Part 2
As for Asura’s Wrath and its Panzer Dragoon/Star Fox copycat sections, do these work out? Both yes, and no.
Frequently, the game will place you in a sort of “fixed rail” sequence where a crosshair will appear. Your goal, not surprisingly, is to shoot the things. All of the things. Honestly, these sequences tend to blend into one another, so it’s hard for me to describe them in detail; a few make you stand absolutely still, attempting to defend yourself while you can’t move, but they all function in a similar way regardless of how much the action moves. You simply try to shoot everything using square. However, like Panzer Dragoon (hence the reference up above), placing your cursor over an enemy also locks onto them, or locks onto their many, many body parts depending. Pressing triangle will unleash your accumulated lock-on missiles, thereby dealing a ton of damage.
This is where part of the strategy comes from: the normal ranged attack functions almost identically to the way it does in normal combat sequences, so it performs much of the same function: shoot missiles before they hit you. Enemy unload a ton of projectiles at your character, and you need to have total awareness to avoid your untimely death (not surprisingly, Hard mode exacerbates this significantly). For some of these “on-rail” sequences, you’ll also need to attack enemies in melee range and avoid obstacles, which add additional concerns to the basic shooting on display.
And here’s where I surprise you, and say these parts contain some of the most fun Asura’s Wrath has to offer. They take advantage of the graphical prowess of the game, allow it to show you some exciting sights, and also place you right into the anime-style action. In fact, because of their dynamism, they make the rote action-combat in dull arenas seem rather boring by comparison. As well, they require skill to not die, since getting hit with a ton of enemy projectiles or melee hits (which don’t provide much invincibility time) proves fatal more often than not.
The problem is, Asura’s Wrath often uses these sequences for transitional purposes in its myriad cutscenes and fight sequences, rather than fleshing them out as a game mode in themselves. Just like every other active “playing” mode in the game, you’re still filling up a Burst Meter so you can press the Burst button and move towards the next story beat. I hate doing this when I’m actually playing a competent game for once, and especially when it pulls you right out of it for some more exposition. Goodness, I’m not sure how this happened, but the non-fighting parts actually turned out the worst of everything Asura’s Wrath has to offer – and it’s supposed to be an anime video game!
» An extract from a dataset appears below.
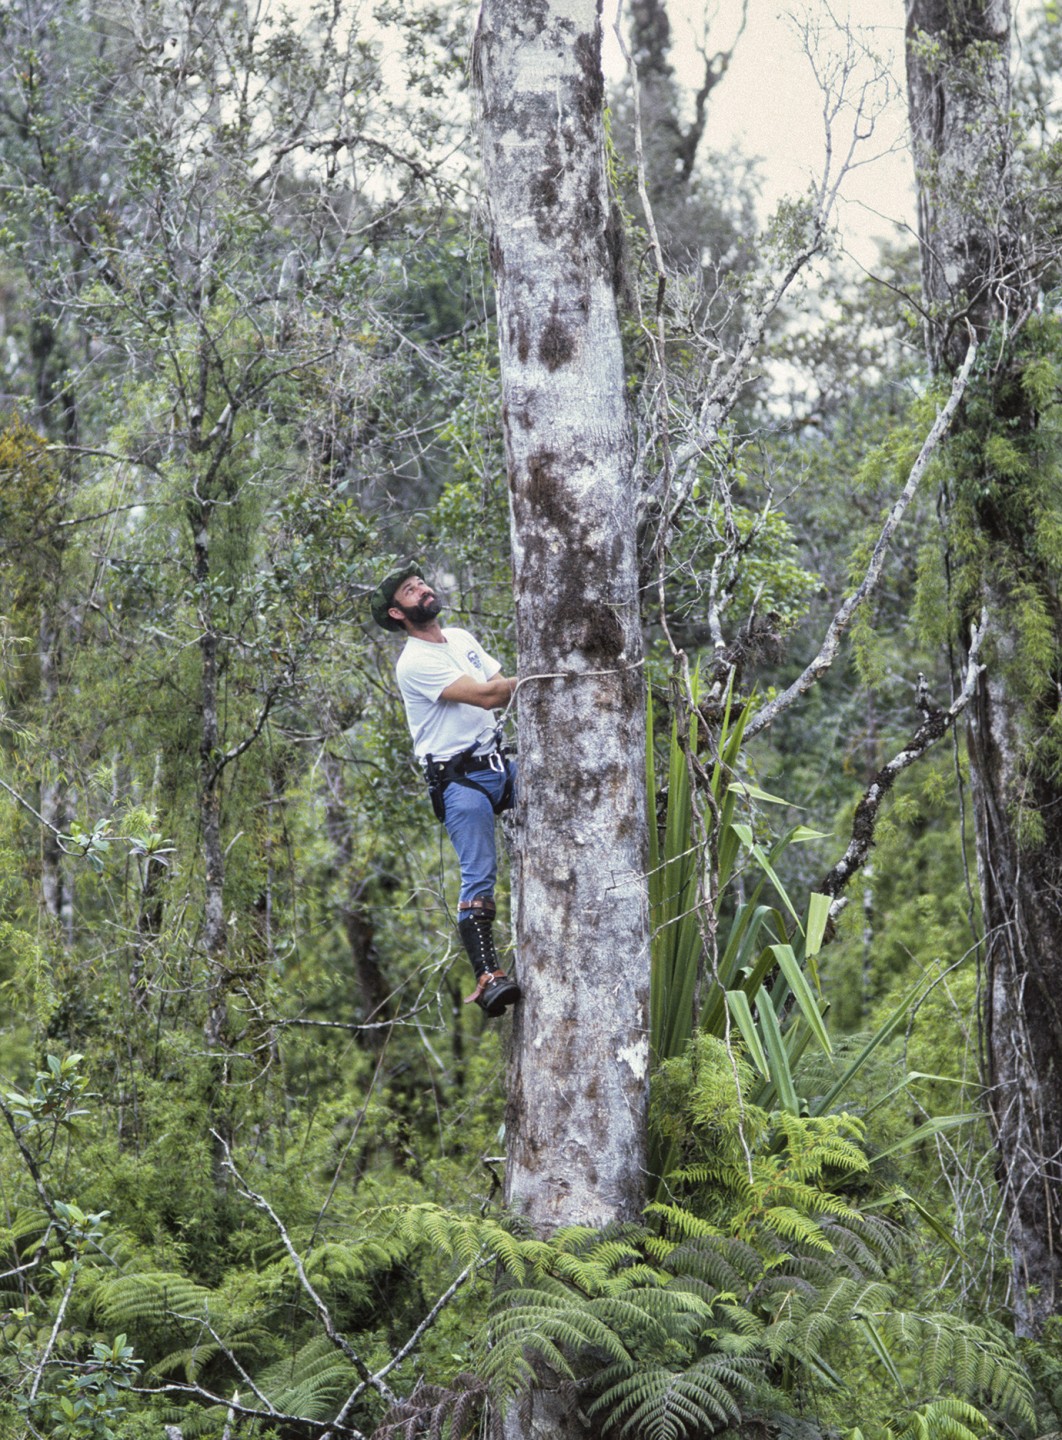 One of the Horticulture Department staff members on the expedition was arborist Daniel Simpson, who brought tree-climbing equipment to reach orchids, ferns, and other epiphytes that would only be found high up in the forest canopy. It was a good thing he had extensive experience—he needed it!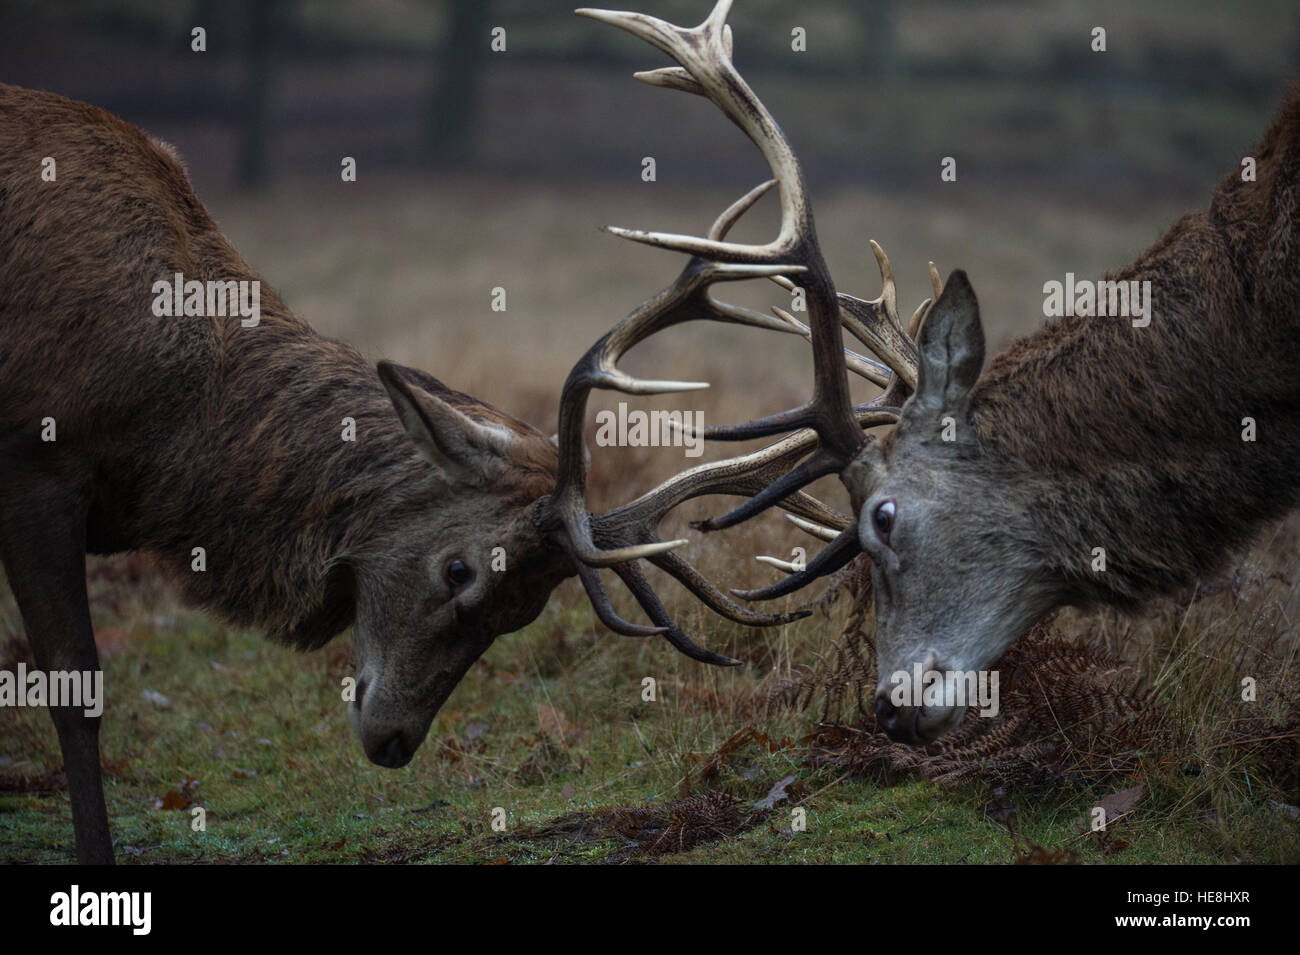 Red deer in Richmond park, London, England Stock Photo

Honestly, beyond this point, there’s not much more to say about Asura’s Wrath. Given its commercial prospects, I doubt we’ll ever see a sequel, mostly because the idea came into being and utterly failed on impact. But, I still respect the game for its commitment to its central goal, even if I don’t find it an experience that I will return to in the future. Sometimes, risks pay off, as in the lepers of 2 Kings 7:
3 Now there were four leprous men at the entrance of the gate; and they said to one another, “Why do we sit here until we die? 4 If we say, ‘We will enter the city,’ then the famine is in the city and we will die there; and if we sit here, we die also. Now therefore come, and let us [c]go over to the camp of the Arameans. If they spare us, we will live; and if they kill us, we will but die.” 5 They arose at twilight to go to the camp of the Arameans; when they came to the outskirts of the camp of the Arameans, behold, there was no one there. 6 For the Lord had caused the army of the Arameans to hear a sound of chariots and a sound of horses, even the sound of a great army, so that they said to one another, “Behold, the king of Israel has hired against us the kings of the Hittites and the kings of the Egyptians, to come upon us.” 7 Therefore they arose and fled in the twilight, and left their tents and their horses and their donkeys, even the camp just as it was, and fled for their life. 8 When these lepers came to the outskirts of the camp, they entered one tent and ate and drank, and carried from there silver and gold and clothes, and went and hid them; and they returned and entered another tent and carried from there also, and went and hid them.
Often times, they don’t pay off at all, but a failure is often an opportunity to try again in a different way. Failure does not mean the idea isn’t worth pursuing, but that the current form of the idea does not function correctly. I say this as a person who loves NieR to death, yet recognizes that it’s a flawed masterpiece at best (one that deserves 10,000 words of text, but still!). Asura’s Wrath fits squarely into that camp: if you like this sort of thing, and understand its notable flaws, then you will enjoy yourself immensely. Otherwise, like me, you’ll nitpick this product to death until it frustrates you. Consider the two star rating a result of locking the ending of a story-based game behind a DLC wall, too!